▶ _PROVIDED INFORMATION_
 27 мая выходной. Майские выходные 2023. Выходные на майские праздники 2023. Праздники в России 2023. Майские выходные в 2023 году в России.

...

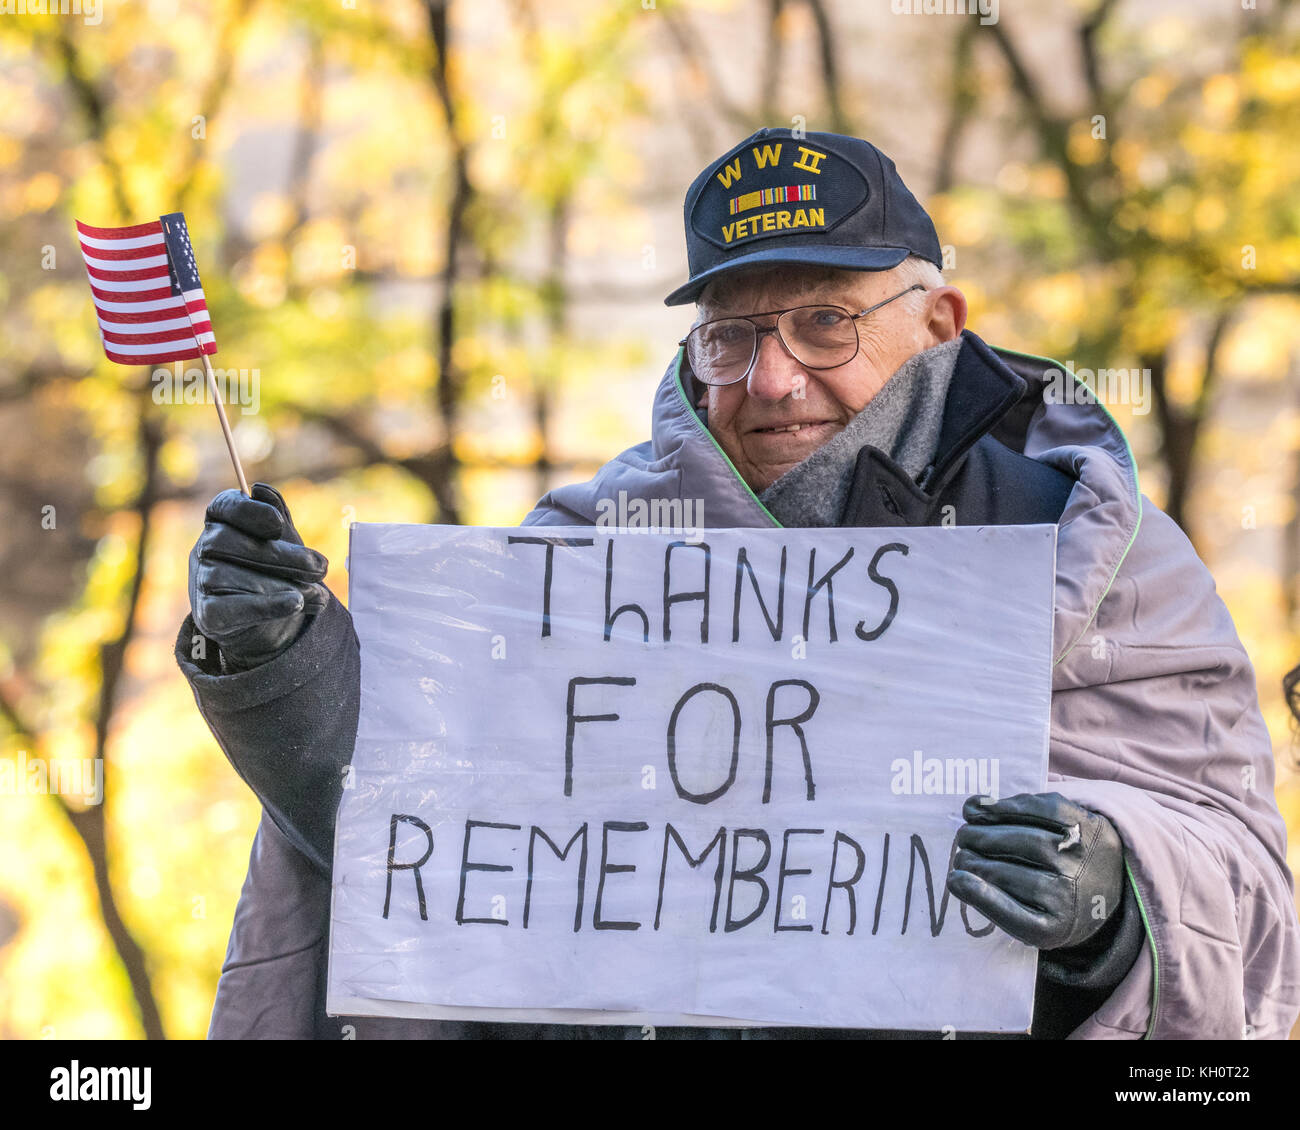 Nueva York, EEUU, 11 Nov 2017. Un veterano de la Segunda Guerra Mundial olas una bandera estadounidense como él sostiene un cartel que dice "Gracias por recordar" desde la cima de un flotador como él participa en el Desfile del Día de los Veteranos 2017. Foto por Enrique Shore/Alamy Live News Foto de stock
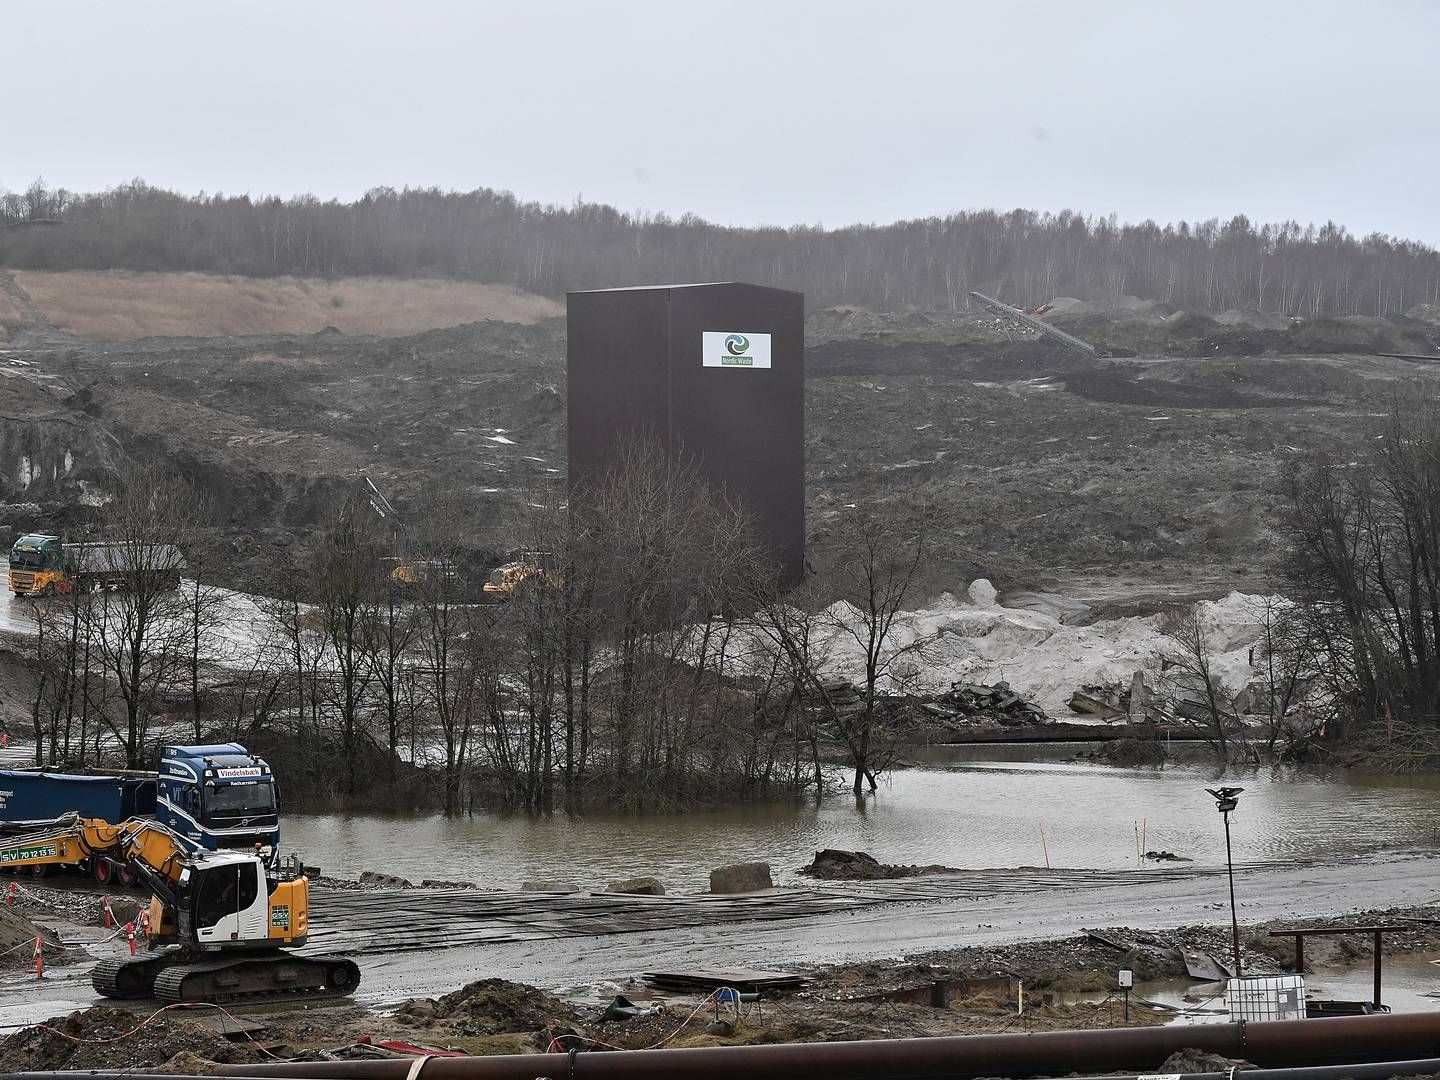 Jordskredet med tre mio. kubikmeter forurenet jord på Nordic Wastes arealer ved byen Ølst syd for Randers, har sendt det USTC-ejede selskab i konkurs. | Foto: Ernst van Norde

▶ _WHAT THE TASK ASKS_
Among the lines above, the one with "Nueva York, EEUU, 11" opens the part to repeat and the one with "Jordskredet med tre" closes it; repeat only that part exactly, with no pictures.

▶ _SOLUTION_
 Nueva York, EEUU, 11 Nov 2017. Un veterano de la Segunda Guerra Mundial olas una bandera estadounidense como él sostiene un cartel que dice "Gracias por recordar" desde la cima de un flotador como él participa en el Desfile del Día de los Veteranos 2017. Foto por Enrique Shore/Alamy Live News Foto de stock
 Jordskredet med tre mio. kubikmeter forurenet jord på Nordic Wastes arealer ved byen Ølst syd for Randers, har sendt det USTC-ejede selskab i konkurs. | Foto: Ernst van Norde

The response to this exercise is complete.